Data Clustering Algorithms on the GPU: Challenges and Benefits
Data clustering techniques are an essential component of most data analysis toolkits. With the availability of simplified APIs for using graphics processors as general purpose computing platforms, speed-ups of one to two orders of magnitude for certain types of algorithms can be achieved. While an initial, correct implementation of any given algorithm in GPU-specific code may closely follow an equivalent CPU code, achieving significant speed-ups often requires a complete rethinking of the underlying design decisions. This in turn necessitates a thorough understanding of the challenges involved in programming such massively parallel architectures.
Focusing on Nvidias graphics processors and the CUDA compute platform the talk will include a brief introduction to GPU computing before providing an overview of the design considerations and challenges that have to be addressed when writing highly optimized code. The benefits will be discussed by the specific example of a new open-source data clustering library that is being developed jointly by groups at Stanford University and SFSU. This discussion will center around examples such as hierarchical clustering, which is parallelizable only to a certain extent, as well as parallel K-means, an algorithm that is capable of delivering up to two orders of magnitude speed-up for large data sets when compared to serial CPU code.
Dr. Kai Kohlhoff is a Simbios Distinguished Postdoctoral Fellow in Stanford's Bioengineering Department. He is working with Prof. Vijay Pande and Prof. Russ Altman on physics-based simulation of biological systems. Apart from running Molecular Dynamics simulations on proteins that act as receptors in the cell-membrane, one of his key interests is the development of new algorithms that make use of the massively parallel architecture of GPUs. This interest was first sparked by an undergraduate research project during which he wrote assembly code for running particle simulations on the vector processors of a Playstation 2. In collaboration with the Hsu group at SFSU he is working on creating the open-source Campaign data clustering library.

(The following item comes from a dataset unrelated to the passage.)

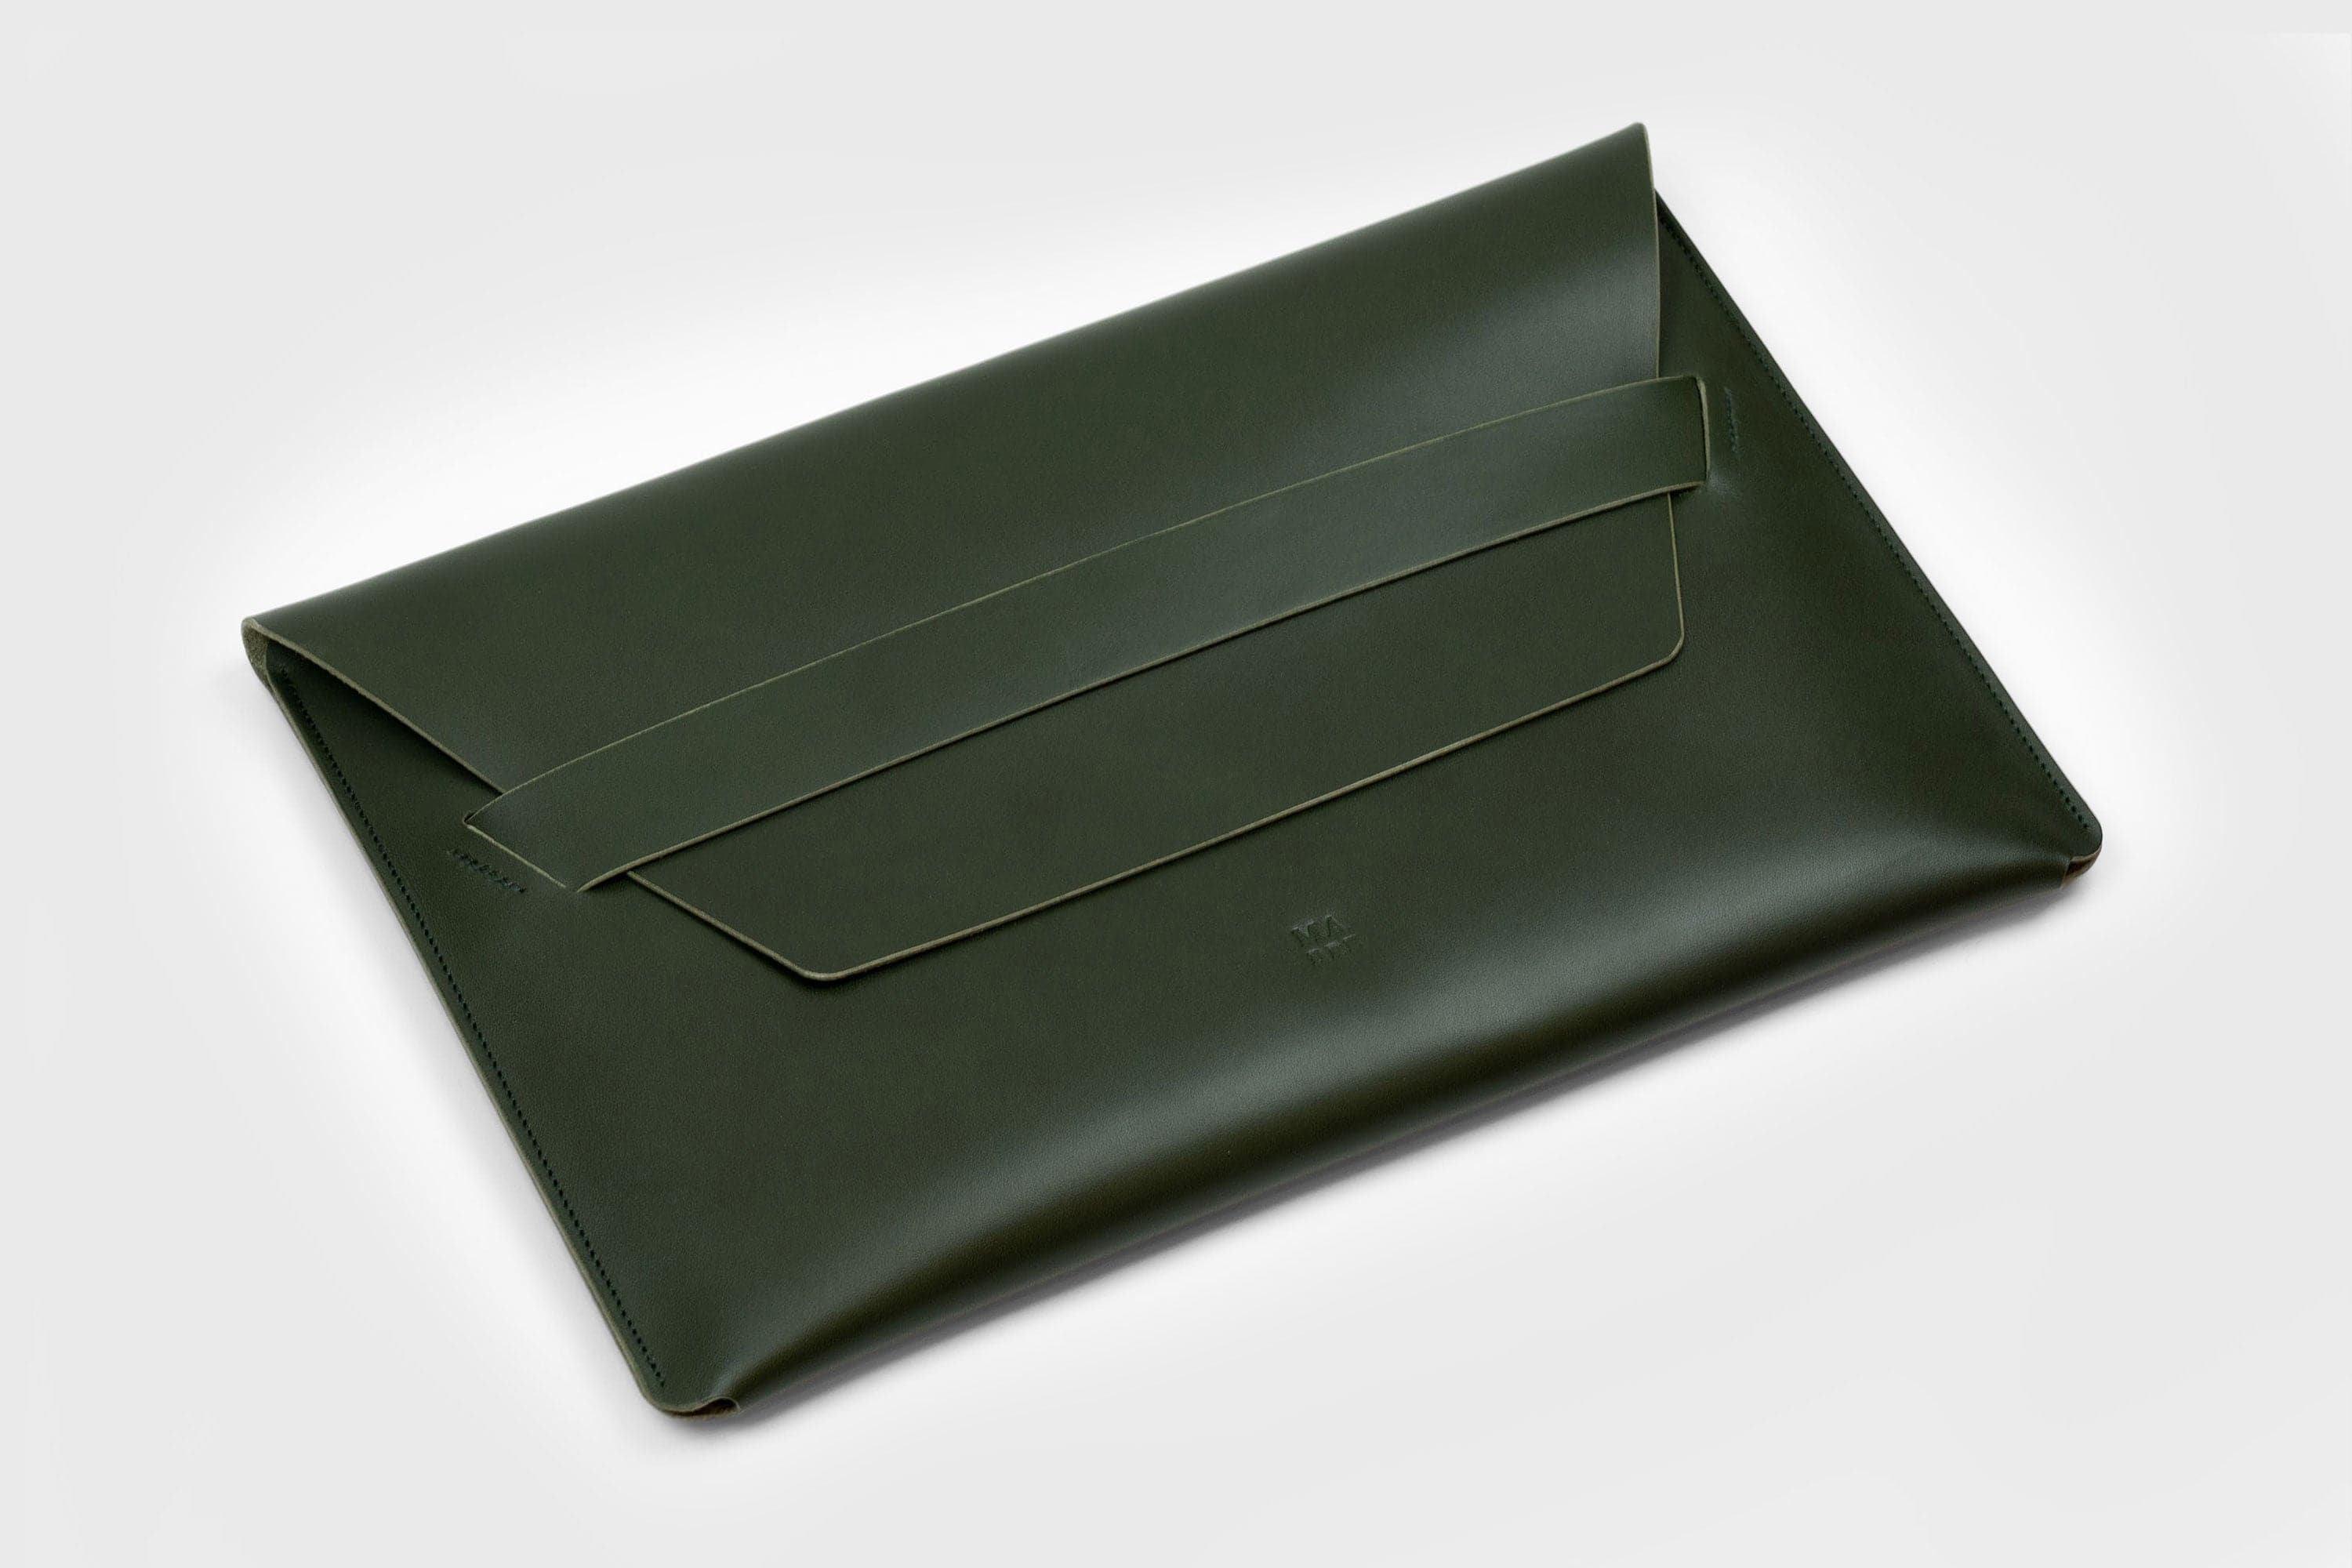 MacBook Pro 14 Inch Leather Sleeve Dark Olive Green Color Luxury Handmade and Designed By Manuel Dreesmann Atelier Madre Barcelona Spain

After receiving first degrees in computer science, bioinformatics, and biology from Jacobs University Bremen in Germany, Dr. Kohlhoff completed a Master's in computational biology at the Department of Applied Mathematics and Theoretical Physics at the University of Cambridge, UK. While doing his PhD at the same university he developed a new method to incorporate experimental data from NMR spectroscopy in Molecular Dynamics simulations. His interests include computer graphics, software engineering, analytical geometry, genetics, and the science of aging.